Piracy trends off the coasts of Somalia and Nigeria
The International Maritime Bureau (IMB) released its Piracy and Armed Robbery Against Ships Report for the Period 1 January – 30 September 2012. I often find these reports helpful in tracking trends with regard piracy and armed robbery at sea, but it is important to read the reports with two things in mind. First, unlike IMB’s Annual Report, the Quarterly Reports only cover trends from the beginning of that calendar year to the end of Q1 (March), Q2 (June), or Q3 (September). Therefore, many of the facts and figures quoted in the media and here below may only be for the first 9 months of 2012. It is important to draw comparisons between these numbers and the corresponding time periods in previous years, as opposed to 2010 or 2011 as a whole. Second, these reports only account for reported incidents. Thus, it is possible that the scale of pirate attacks is underrepresented due to underreporting on the part of the targeted vessels for a variety of reasons (i.e., fears over spike in insurance rates, fears of scaring away other commercial activity from those waters, etc).
According to the report, global piracy incidents are decreasing – with 233 attacks worldwide, down from 352 for the corresponding time period in 2011. However, of the 233 attacks that took place between January and September 2012, 131 of these occurred in Africa. Of the 131 attacks that occurred in Africa, 70 took place off the coast of Somalia (to include the Gulf of Aden, Red Sea, Arabian Sea, Indian Ocean, and Oman) and 34 took place in the vicinity of Nigeria (to include the area off the coasts of Benin and Togo).
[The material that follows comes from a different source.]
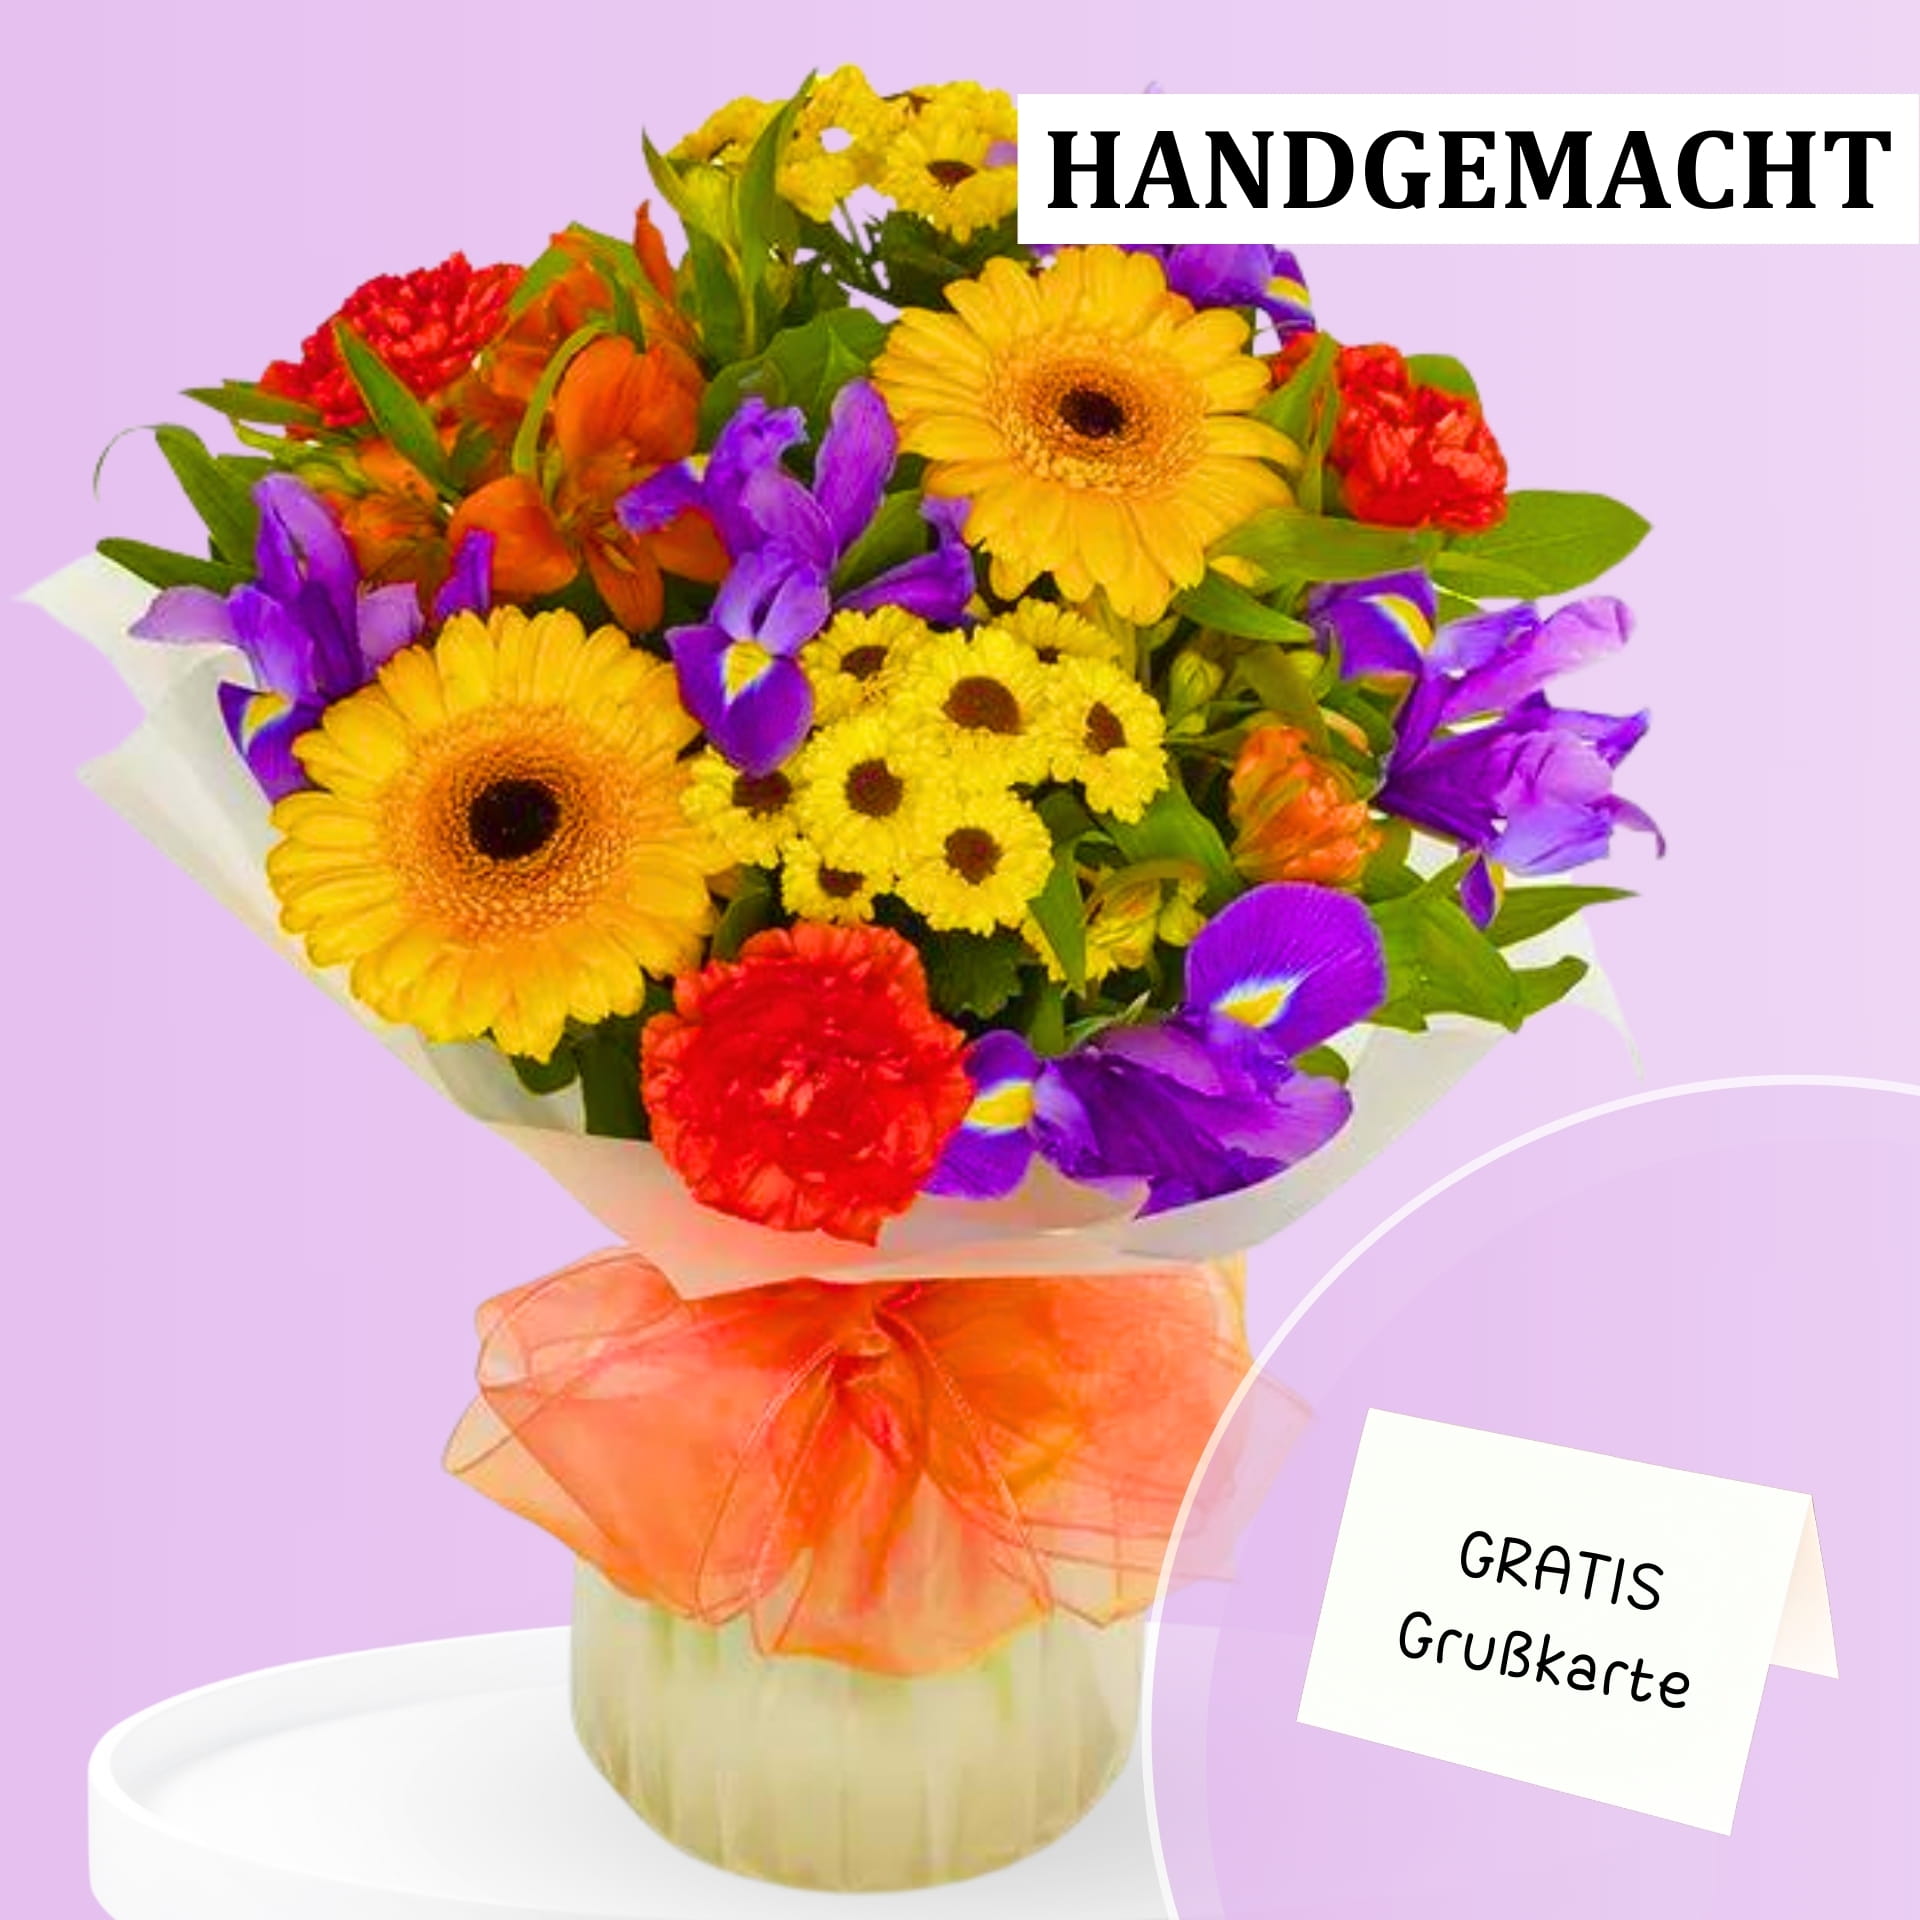  Bunter Blumenstrauß aus verschiedenen farbigen Blüten, verpackt mit einer orangenen Schleife. Text auf dem Bild: "HANDGEMACHT" und "GRATIS Grußkarte".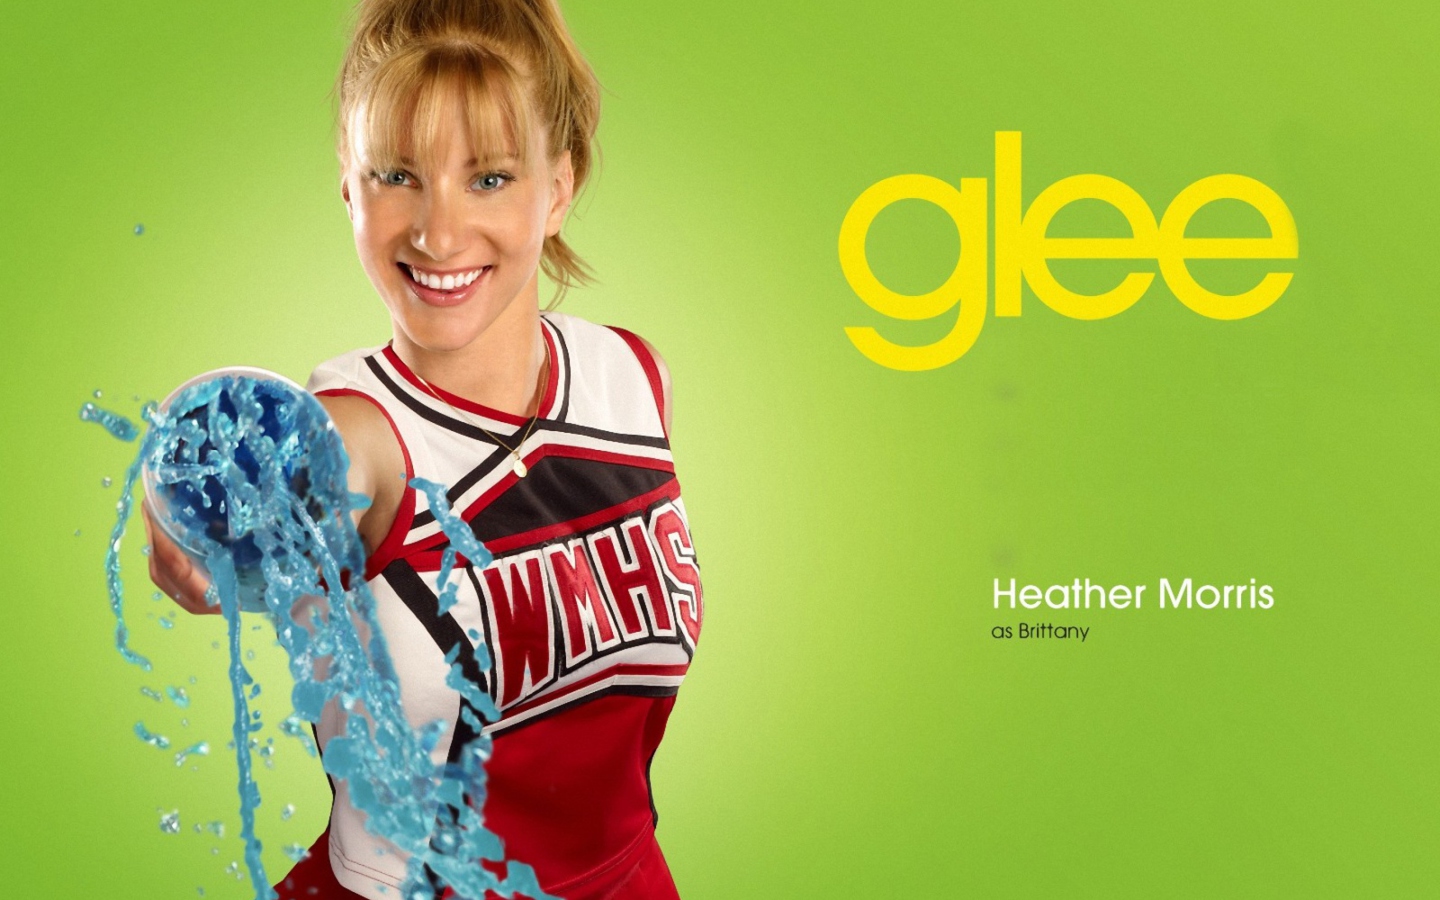 Heather Morris Glee Brittany screenshot #1 1440x900

Looking at these numbers compared with last year, there’s good news and some kind of bad news. The good news is that last year, there were 199 actual or attempted attacks off the coast of Somalia between January and September, compared with 70 for the corresponding time period in 2012. IMB attributes this drop to a combination of factors such as 1) multinational naval patrols, 2) employment of Best Management Practices for Protection against Somalia Based Piracy (Version 4 – August 2011), 3) use of Privately Contracted Armed Security Personnel (PCASP), and the effects of the SW monsoons.
The kind of bad news is that attacks off the coasts of Nigeria, Togo, and Benin (hereafter referred to collectively as the Gulf of Guinea) have increased – slightly – from 30 to 34. What’s important with regard to the Gulf of Guinea is not the numbers themselves, but the shifting locale of the attacks. Between January and September 2011:
there were 6 attacks off the coast of Nigeria, compared with 21 in 2012 (3x increase)
there were 5 attacks off the coast of Togo, compared with 11 in 2012 (2x increase)
there were 19 attacks off the coast of Benin, compared with 2 in 2012 (9x decrease)
Notice that even as attacks in the Gulf of Guinea are increasing, attacks in Benin in particular have been drastically reduced. According to an Africa maritime security SME I spoke with recently (on an unrelated matter), Benin is apparently far ahead of its West African neighbors in developing a strategy to secure its maritime domain. This may be why, when faced with a sudden spike in attacks, Benin and Nigeria commenced joint counter-piracy patrols last fall. The IMB attributes the decreased number of attacks to these patrols. When compared with Nigeria, which has a 530 mile coastline, smaller countries like Benin and Togo which have coastlines of 75 miles and 35 miles respectively, have a relatively smaller area to monitor and patrol. So this may explain why these joint patrols have been successful for Benin, but not for Nigeria. Although I don’t know much about Togo’s maritime capabilities, I suspect that one reason pirates have expanded their range to Togo may be because Benin’s patrols pushed would-be pirates into Togolese waters, where the authorities may not be doing enough to counter these threats.
Anyway, if you have any interest in seeing the full 2012 IMB Q3 report, you can request it by filling out a form on IMB’s website. A few minutes later, you’ll get an email with a broken link, but if you email them back saying it doesn’t work, they’ll email you a PDF right away.